You should find that eventually the resolver is responding SERVFAIL to all of the queries, along with the following symptoms:
- There is no evidence in pcaps of it sending out any queries to any of the forwarders
- The arp table shows this destination IP address as incomplete - e.g: downserver.example.com, (192.168.2.25) at (incomplete) on eth0 expired [ethernet]
- This 'absent' forwarder is the one with the shortest SRTT in ADB in a cache dump
- Logging at -d99 shows that senddone is failing with EHOSTDOWN and that we immediately cancel the send and do no SRTT processing and don't retry the fetch with any of the other (good) forwarders in the list.

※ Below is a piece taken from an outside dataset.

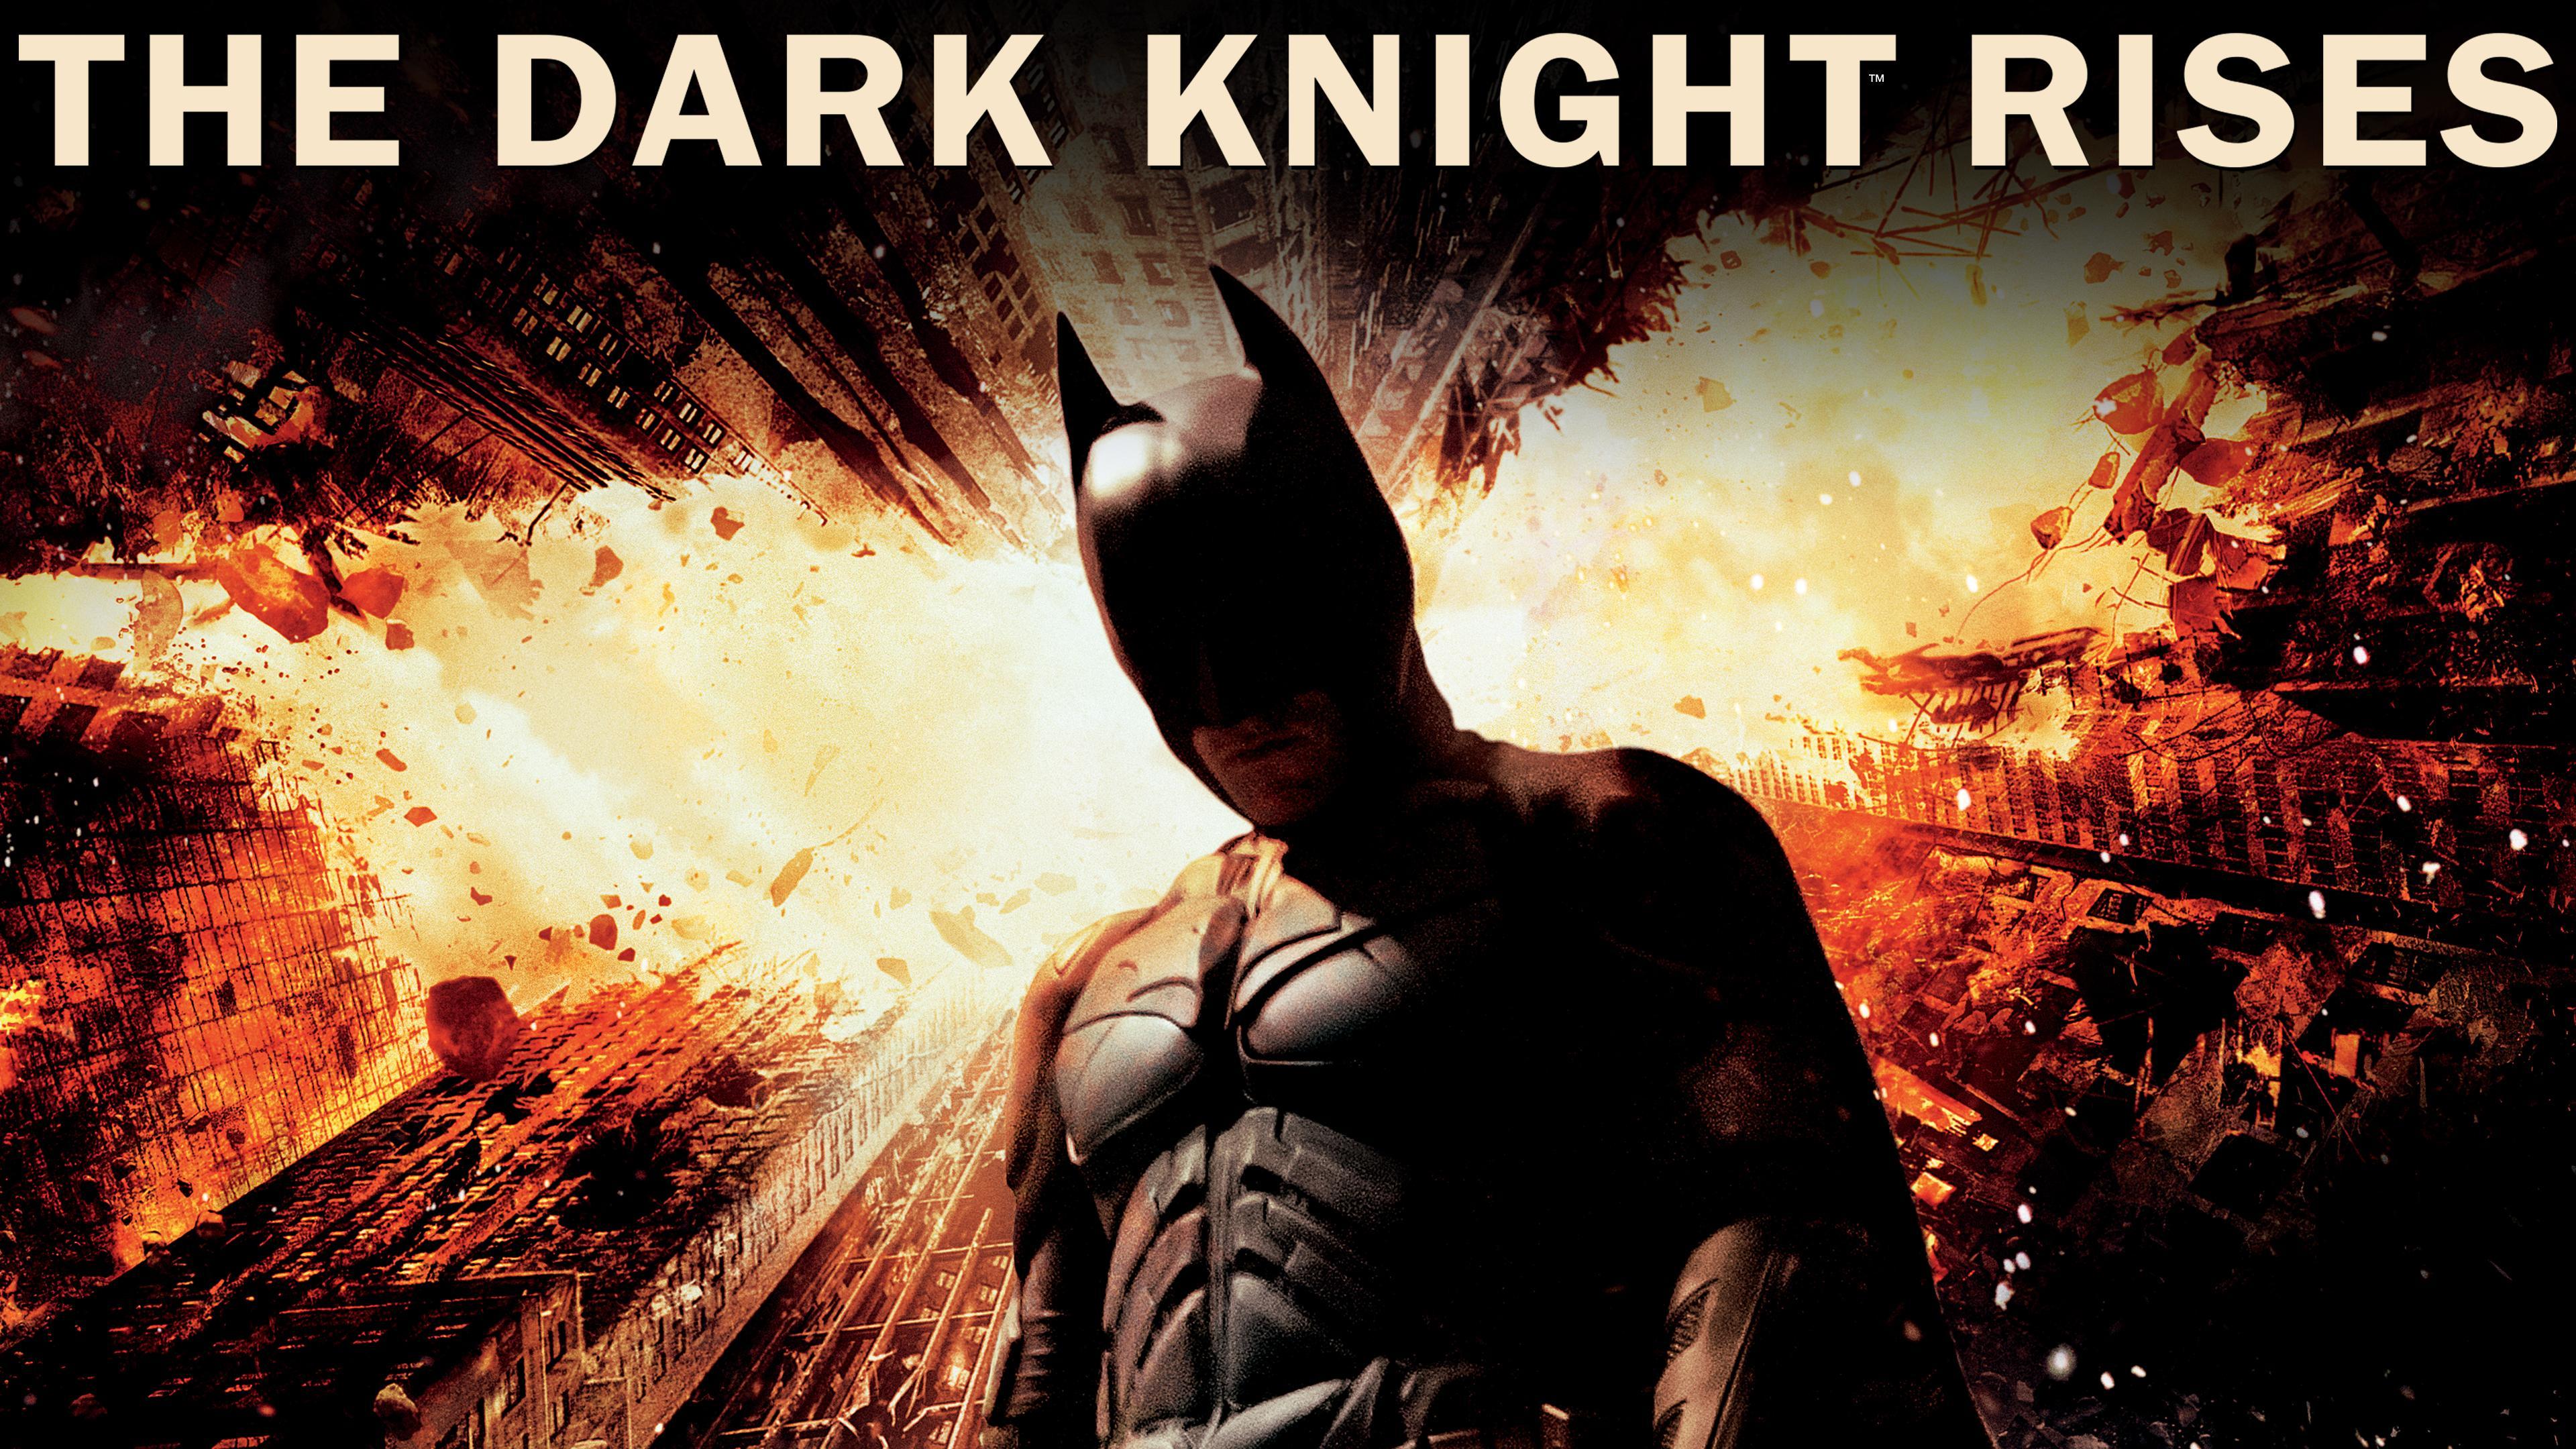 Watch The Dark Knight Streaming Online

@40000000664bb57815114d8c dispatch: debug 90: dispatch 0x98cfa7b80: UDP response 0x8e9ec8000: connected: success
@40000000664bb578151168e4 dispatch: debug 90: dispatch 0x98cfa7b80: UDP response 0x8e9ec8000: attaching handle 0x8e9f10780 to 0x8e9ec8010
@40000000664bb578151170b4 dispatch: debug 90: dispatch 0x98cfa7b80: UDP response 0x8e9ec8000: reading
@40000000664bb57815118824 dispatch: debug 90: dispatch 0x98cfa7b80: UDP response 0x8e9ec8000: connect callback: success
@40000000664bb5781512dbfc resolver: debug 11: sending packet to 192.168.2.25#53
@40000000664bb5781513224c dispatch: debug 90: dispatch 0x98cfa7b80: UDP response 0x8e9ec8000: sending
@40000000664bb5781513aeec dispatch: debug 90: dispatch 0x98cfa7b80: UDP response 0x8e9ec8000: sent: host down
@40000000664bb5781513ca44 dispatch: debug 90: dispatch 0x98cfa7b80: UDP response 0x8e9ec8000: canceling response: operation canceled, connected/reading (none/not reading), requests 1
@40000000664bb5781513e59c dispatch: debug 90: dispatch 0x98cfa7b80: UDP response 0x8e9ec8000: canceling read on 0x8e9f10780
@40000000664bb578151400f4 dispatch: debug 90: dispatch 0x98cfa7b80: UDP response 0x8e9ec8000: read callback: operation canceled
@40000000664bb57815145acc dispatch: debug 90: dispatch 0x98cfa7b80: UDP response 0x8e9ec8000: canceling response: host down, canceled/reading (none/not reading), requests 1
@40000000664bb5781514b88c rate-limit: debug 99: client @0x86ecdf960 ::1#22250 (16-fail.isc.org): rrl=0x0, HAVECOOKIE=0, result=ISC_R_HOSTDOWN, fname=0x8c0499580(0), is_zone=0, RECURSIONOK=1, query.rpz_st=0x0(0), RRL_CHECKED=0
@40000000664bb578151583ac dispatch: debug 90: dispatch 0x98cfa7b80: UDP response 0x8e9ec8000: read callback:operation canceled, requests 1
@40000000664bb5781515a2ec dispatch: debug 90: dispatch 0x98cfa7b80: UDP response 0x8e9ec8000: canceling response: operation canceled, canceled/not reading (none/not reading), requests 1
@40000000664bb5781515c22c query-errors: debug 4: fetch completed at resolver.c:1966 for 16-fail.isc.org/A in 0.000465: host down/success [domain:.,referral:0,restart:1,qrysent:1,timeout:0,lame:0,quota:0,neterr:0,badresp:0,adberr:0,findfail:0,valfail:0]
@40000000664bb5781515e554 dispatch: debug 90: dispatch 0x98cfa7b80: UDP response 0x8e9ec8000: destroying
@40000000664bb5781515e93c dispatch: debug 90: dispatch 0x98cfa7b80: UDP response 0x8e9ec8000: detaching handle 0x8e9f10780 from 0x8e9ec8010
@40000000664bb57815168d4c security: debug 3: client @0x86ecdf960 ::1#22250 (16-fail.isc.org): reset client
What is the current bug behavior?
- If the send fails with EHOSTDOWN, then instead of penalising this server's SRTT and trying again with another server in the list, we send back SERVFAIL to the client right away.
What is the expected correct behavior?
Proper SRTT processing of the failure and try again with another server in the list (forwarder or server from an NS RRset for a specific domain).